Ever since I read Dr. Donald Miller’s article on whether HIV is the primary cause of AIDS and regarding the propaganda campaign against any critical discussion in that area, I was wondering if it really was the case that one of my favorite talk radio hosts, David Brudnoy, really had AIDS because of having HIV, or were that and his later cancer and 2004 death brought on by the drug treatments he was given shortly after his 1988 HIV-positive diagnosis.
I first heard David Brudnoy on WRKO in 1984, even before I heard Gene Burns there. Compared to Gene’s left-libertarianism, David was a very conservative right-libertarian, and a friend of William F. Buckley, Jr. David contributed articles to National Review, Reason magazine and the New York Times, and was also a film critic and a college professor. After David moved from WRKO to WBZ in 1986 his evening talk show could be heard well outside of Massachusetts, in 38 states, and he took calls from people from as far away as Texas. In 1990 when an extremely misguided program director fired David, a huge letter-writing campaign brought him back.

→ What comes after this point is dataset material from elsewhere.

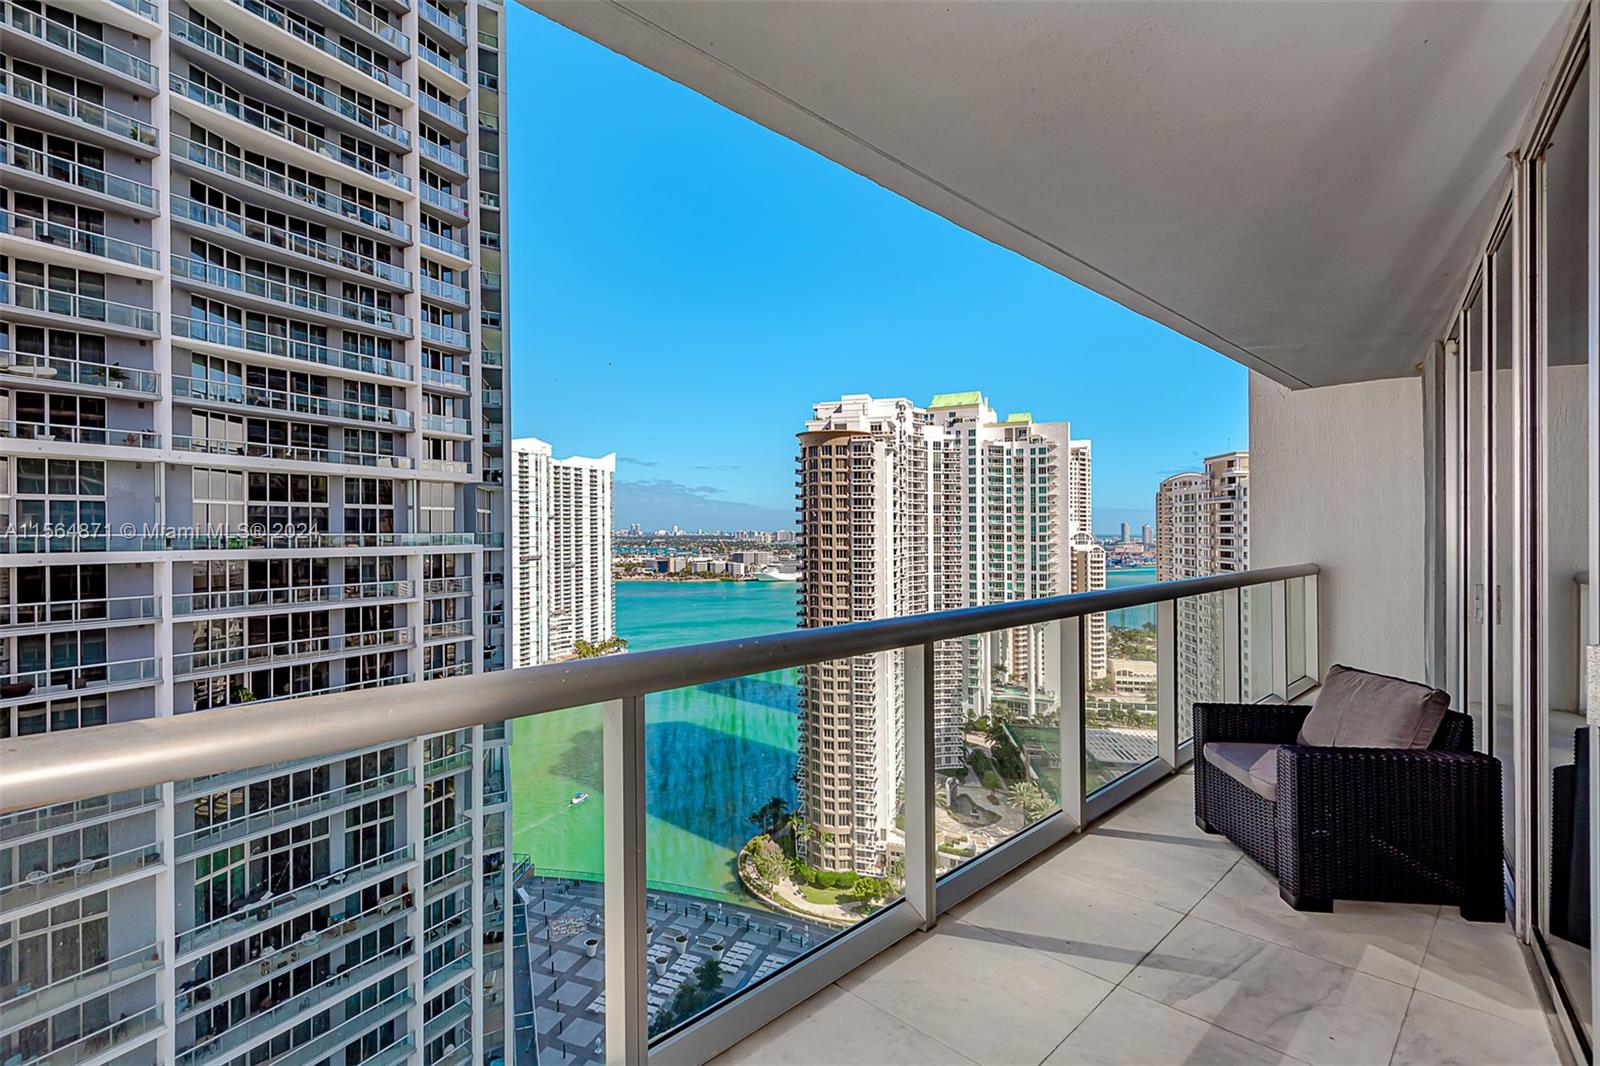 Beautiful corner unit with spectacular Bay and City views at the most desirable building in Brickell. Large 2bed/2baths, porcelain floors, walk-in closets. The unit is impeccable. Fully equipped kitchen, Italian designer furniture throughout. Great amenities including gym, pools, sauna and club house. Walking distance to restaurants, banking districts and fantastic shopping. Unit comes with 1 parking space, 1 valet. Basic cable and internet included. *Unit available May 8th.* **24 hours notice for showings **

I myself had written several letters to David and he actually wrote back several times and I still have those as well as several from Gene Burns. And no, they were not love letters and no, I’m not gay. (Not that there’s anything wrong with that, as they say on Seinfeld.) In his later years I believe he supported George W. Bush’s war on Iraq in 2003, but that was only one of maybe a just a few disagreements I had with him. So, he wasn’t that libertarian, given that libertarians tend to oppose interventionism, and tend to disbelieve what government bureaucrats such as Dick Cheney tell us.
In late 2003 David took a leave of absence from his radio show because he was diagnosed with Merkel Cell Carcinoma, an aggressive form of cancer. Previous to that, in 1988 he had tested positive for HIV, a.k.a. human immunodeficiency virus, and was put on drug-therapy treatment as a means of “preventative” treatment, as was mentioned in this Boston Globe article.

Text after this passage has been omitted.